De libros

Historia testimonial del Siglo de Oro

  • El hispanista británico Robert Goodwin explora la España del XVI y XVII en un entretenido e inusual libro de estructura dramática y coral.

ESPAÑA. CENTRO DEL MUNDO, 1519-1682. Robert Goodwin. La Esfera de los Libros. Madrid, 2016. 632 páginas. 25,90 euros.

El oro que apellida al siglo del esplendor de España y su equívoco espejeo en la imaginación de los artistas y escritores de la centuria barroca delimitan la cronología de este libro de Robert Goodwin que se da a conocer entre el público español después de una buena acogida en Inglaterra. Teníamos ya olvidado el vibrante estilo de Ford Madox Ford en la Quinta Reina. La lujosa recreación de Constantinopla que debemos a la pluma de Philip Mansel. La trabada armonía de historias personales que logra Steven Runciman con su Historia de las cruzadas. Y hay un eco de todos estos maestros de la narración histórica británica en las páginas de este joven escritor londinense. Pero no una deuda.

El estilo de Goodwin se acerca más a la divulgación francesa en aquellas páginas que no nos cansamos de releer de La España del Siglo de Oro de Bartolomé Bennassar y parece inspirarse en ella en los capítulos que dedica a los letrados y a los santos. Del mismo modo que entre nuestros historiadores nos ha recordado al modernista Manuel Fernández Álvarez en su mejor biografía: Carlos V. El César y el hombre.

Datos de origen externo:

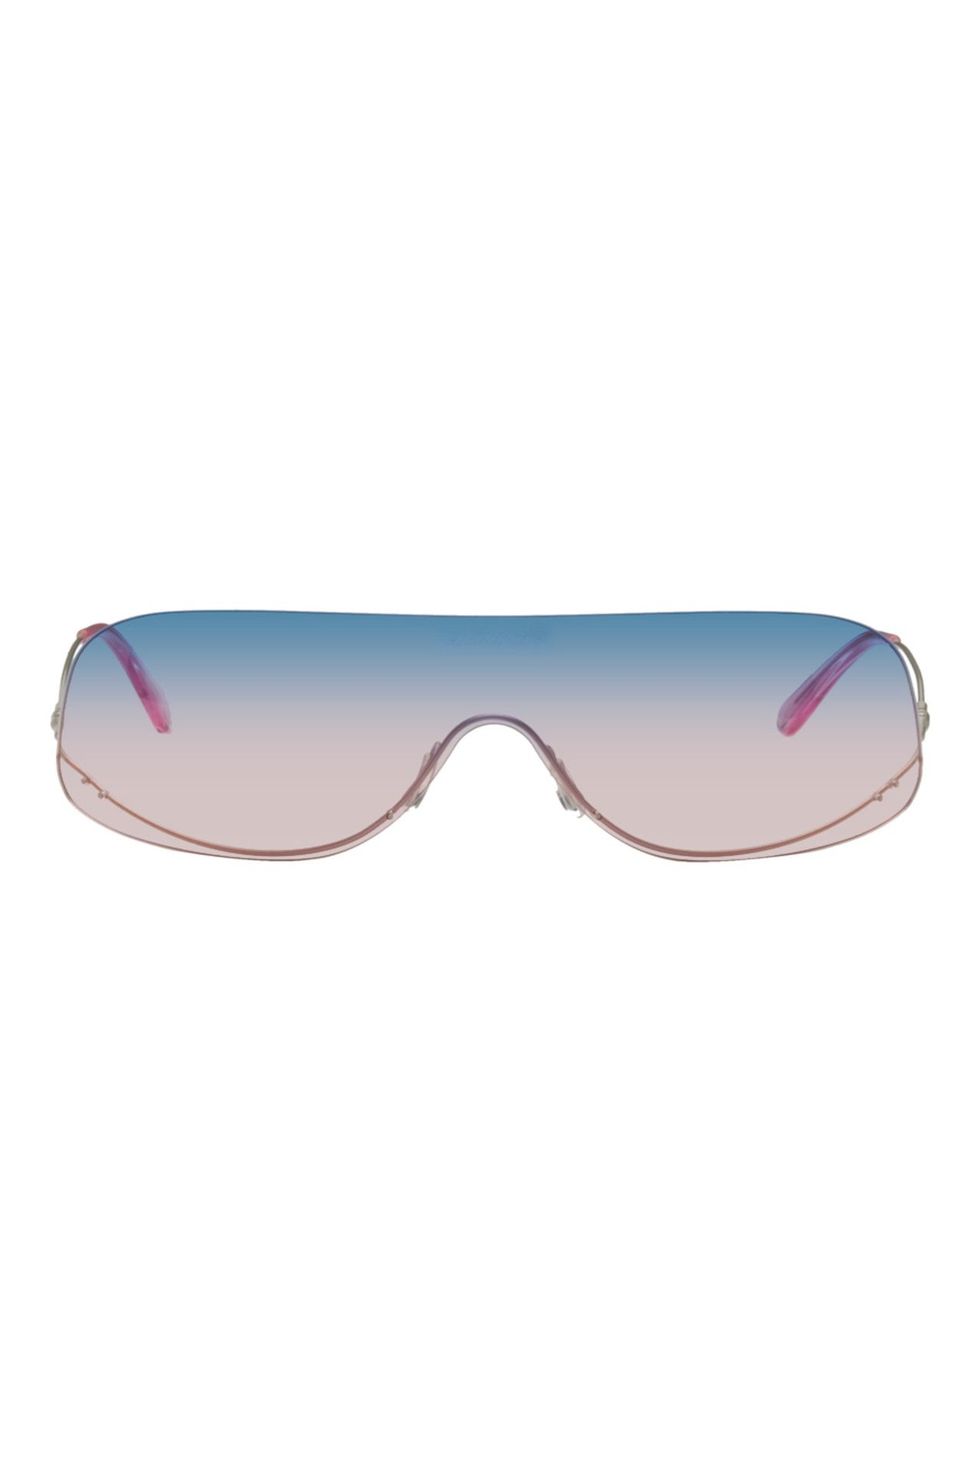 SSENSE Exclusive Blue & Pink Rimless Sunglasses

En otro sentido, cuando enfrenta dramáticamente las semblanzas de Garcilaso y Alba, Góngora y Quevedo, Olivares y Don Juan, la melodía nos lleva más atrás, hasta el gran escritor austriaco (también de temas históricos) Stefan Zweig.

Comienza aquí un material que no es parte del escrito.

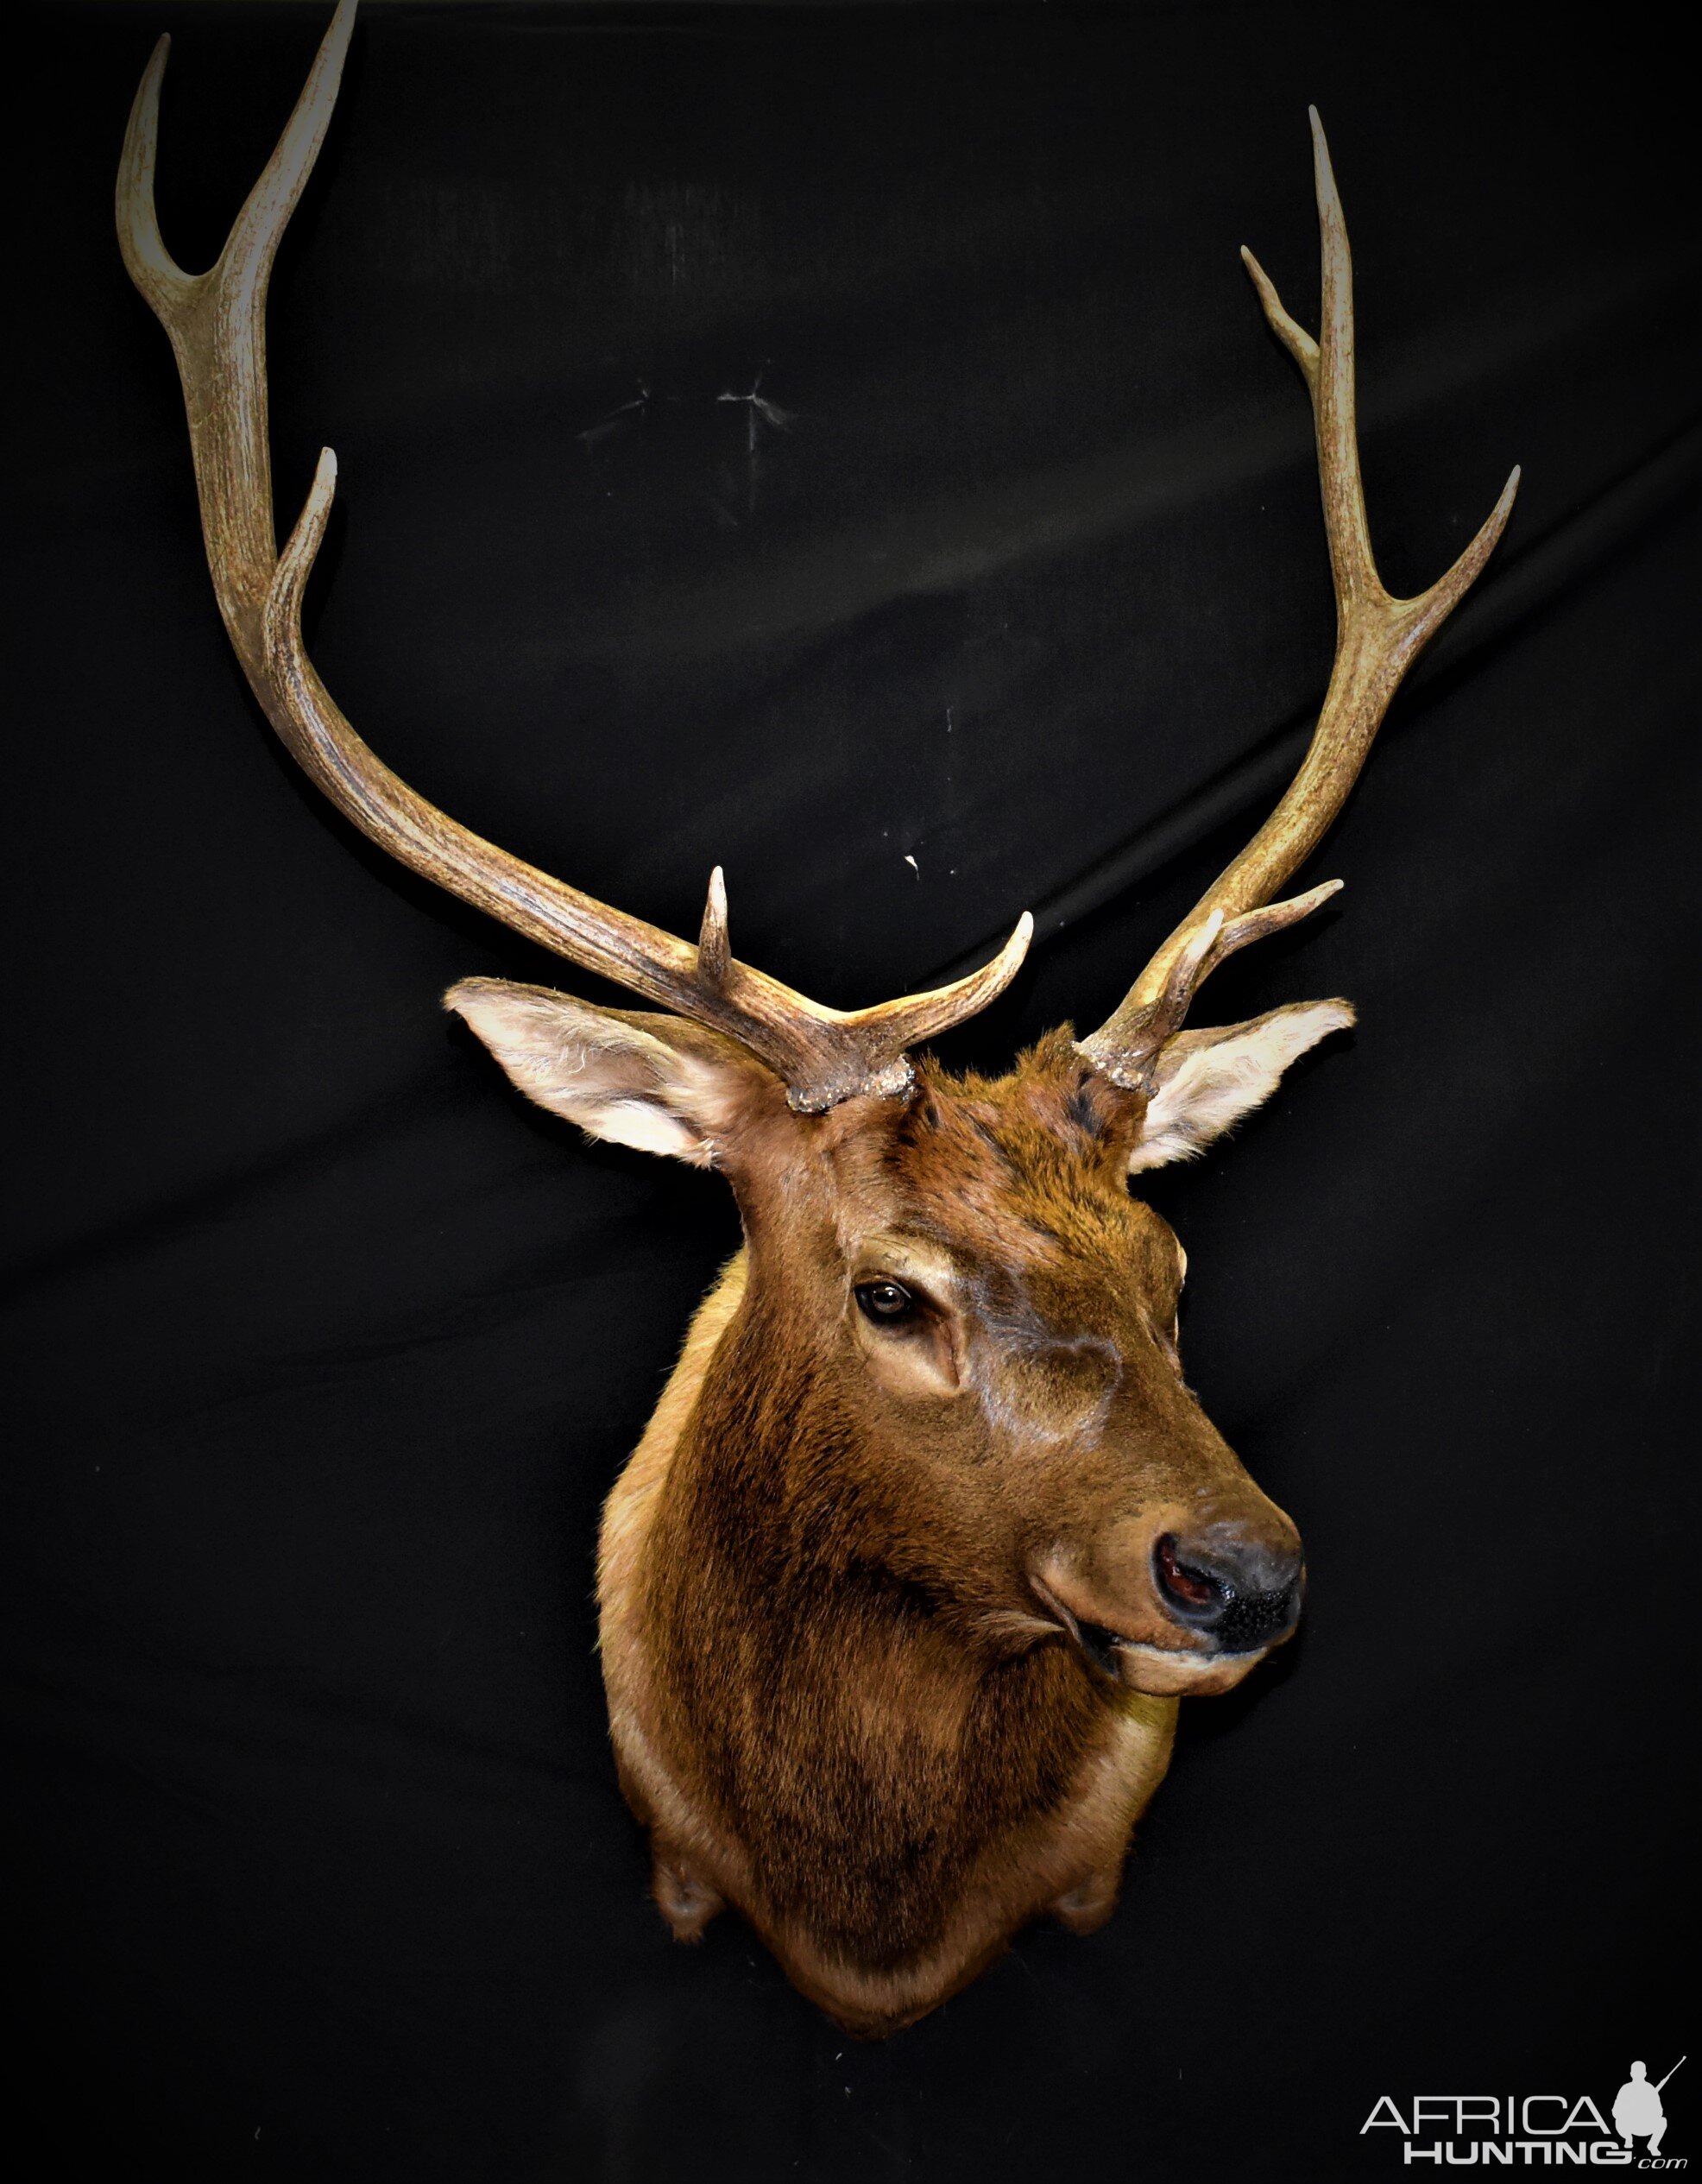 Elk Shoulder Mount Taxidermy

Pero insistimos, Goodwin tiene su propia técnica. La clave estriba en contar la historia a través de una serie de testigos oculares, muy bien escogidos, ya entre los magnates de la corte, ya entre los soldados y los artistas. Como si quisiera así homenajear el precepto humanista de la historia testimonial y verdadera. Pero Laso, el desengañado héroe de los comuneros que abrazó el bando realista, nos lleva de la mano por los primeros tiempos convulsos de la era de la caballería, introduciéndonos a Garcilaso que nos acompañará en las guerras del Imperio, hasta que toma el relevo el III Duque de Alba, valeroso caballero que terminará enfangado, ya al rozar la edad provecta, en la ciénaga de Flandes.

Al servicio de esta técnica compositiva, dramática y coral, están las cartas y los parlamentos, empleados en dosis justas para ilustrar un argumento o una idea. El Emperador habla solemnemente en la Dieta de Worms (1521) y Robert Goodwin nos recuerda que esta intervención marcó un punto de inflexión en la práctica del poder que desde entonces identificará obediencia política con fideísmo religioso. Otro botón de muestra: en el claustro de san Gregorio de Valladolid dirimen sus teorías sobre la guerra justa Las Casas y Sepúlveda. Y el lector comprende en pocas páginas muy bien escritas lo esencial de la controversia sobre la actuación de los españoles en las Indias.

El oro de los tesoros americanos y del traje de brocado que usó para su boda Isabel de Portugal, dan paso en la segunda parte de la obra a su resplandor en los escritores y artistas del siglo XVII. La estrategia narrativa cambia ligeramente, desplazando el acento de las personas a sus creaciones. Las rivalidades de la corte se explicarán más que por la experiencia patente (referida por testigos) por la vivencia transfundida y recreada en la imaginación.

No en vano ésta es ya la república de hombres encantados de la que hablaba el arbitrista Cellorigo, de modo que El Quijote de Cervantes o las Soledades gongorinas, comentados con habilidad como hace Goodwin, pueden arrojar más luz al lector sobre el problema de la decadencia que muchos libros de historia. Casi tanta como la que se desvela en los claroscuros y visajes de la pintura barroca del Siglo de Oro. Pues saber mirar un cuadro de Zurbarán y que nos conduzca, a partir de su fundamento iconográfico, a una reflexión sobre la monástica, es una rara virtud de este inusual libro. Como lo son igualmente las observaciones que dedica el autor a la estética de la recepción que Velázquez tuvo muy presente en sus bodegones para crear la ilusión envolvente y la mágica intimidad de este tiempo del alarde y del arte.

No quisiéramos terminar estas líneas sin destacar la pulcritud documental de Goodwin. Su conocimiento de la historia, disciplina en la que se doctoró en Londres, no sin antes cursar asignaturas en Sevilla y Granada, amén de su amplia cultura literaria, hacen de esta obra una atractiva propuesta veraniega que agradará al desocupado lector.